Закаменела, отпрянула от границы
Спертого воздуха комнаты, стала Буддой
Желтого золота, переросла в габариты
Большие, вечные, постоянные груды,
Слишком устойчиво, определенно и грубо.
Знаю где что лежит, не копаюсь в полках,
Не опоздала ни разу, куда спешила.
В образе ничего не осталось от фолка,
Даже рога забрали, под ноль спилили,
Волосы вместо — коричневые, прямые.
Стала садовым тюльпаном, медведем гризли,
Из пространств выхожу с правой ноги,
Чтобы не оставаться в пространстве мысли,
Чтобы грибница стала ядерный гриб,
И стало чисто.
Я понимаю тебя у себя в руках,
Вижу отчетливо твой подбородок в плече
Краешком глаза, вспыхиваю на раз
И зацеловываю в ночном тупике.
К черту какие-то фары из космоса,
Заводь не-мыслей и слишком медленных магий;
Я просыпаюсь, чтобы коснуться волоса,
И на спине твоей вязать кружевами.
Уголки квартиры скучают без
Призраков, полтергейстов и единиц
Более транспорантных, нечетких лиц,
Тонких материй.

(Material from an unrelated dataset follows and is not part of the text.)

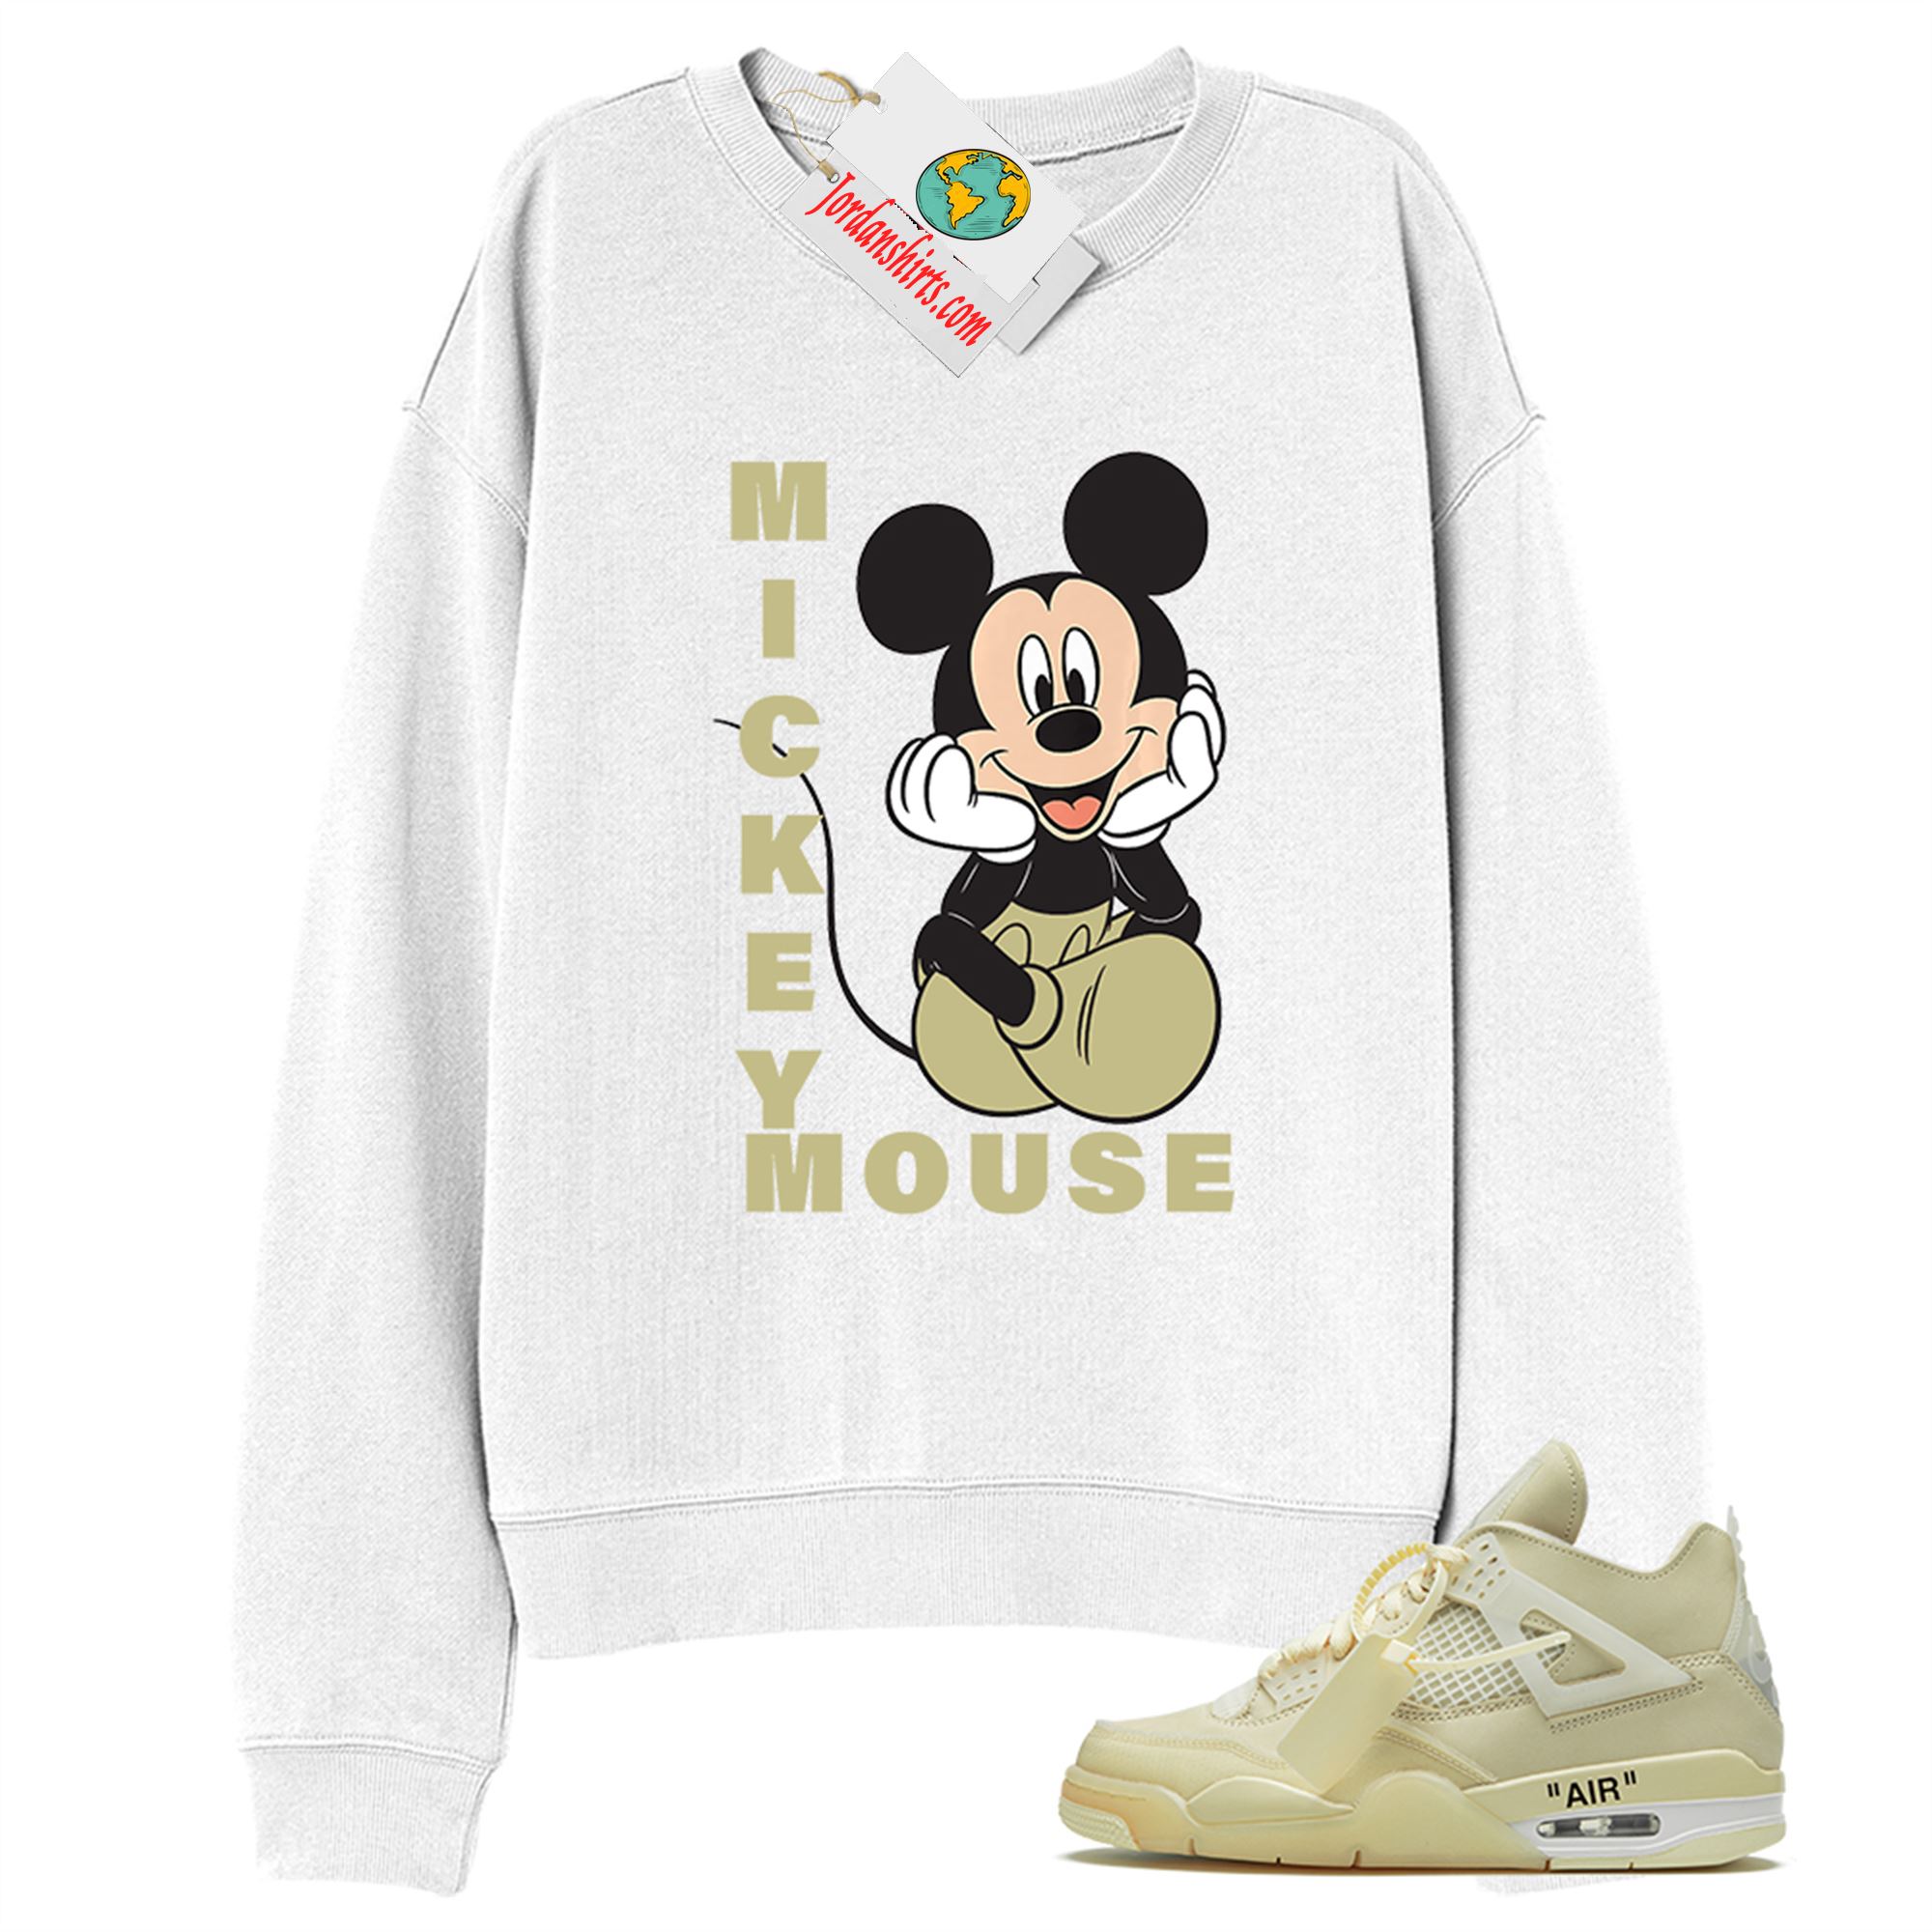 Jordan 4 Sweatshirt, Disney Mickey Mouse Hands In Face White Sweatshirt Air Jordan 4 Off-white 4s Full Size Up To 5xl

Углы потеряли вес.
Только тебя здесь, только одну тебя
Краешком солнца затрагивает окно,
Я погожу чутка — и вновь целовать,
Чтобы ловец не рассыпал остатки снов.
Женщина-карма меня, наверное, любит,
Раз я могу слышать первое слово
Из твоих сонных губ. Каждое утро.
Из твоих красных губ. Каждое слово.
Ну его этих инфернальных историй,
Разграничение мира на мелкие фракции,
Чтобы что? Завтра мы едем на море:
По-настоящему мерзнуть и спотыкаться.
Перестирывать вещи, играть носами,
Плакать, чтобы выплакать все, что было,
На балконе отсиживаться часами,
Греться кофе в нашей простой квартире.
Засыпать с тобой и просыпаться
Целую вечность (жизнь) рассказывать сны,
Вить простое, мгновенное, пьяное счастье
С глаз твоих ворсинкой голубизны.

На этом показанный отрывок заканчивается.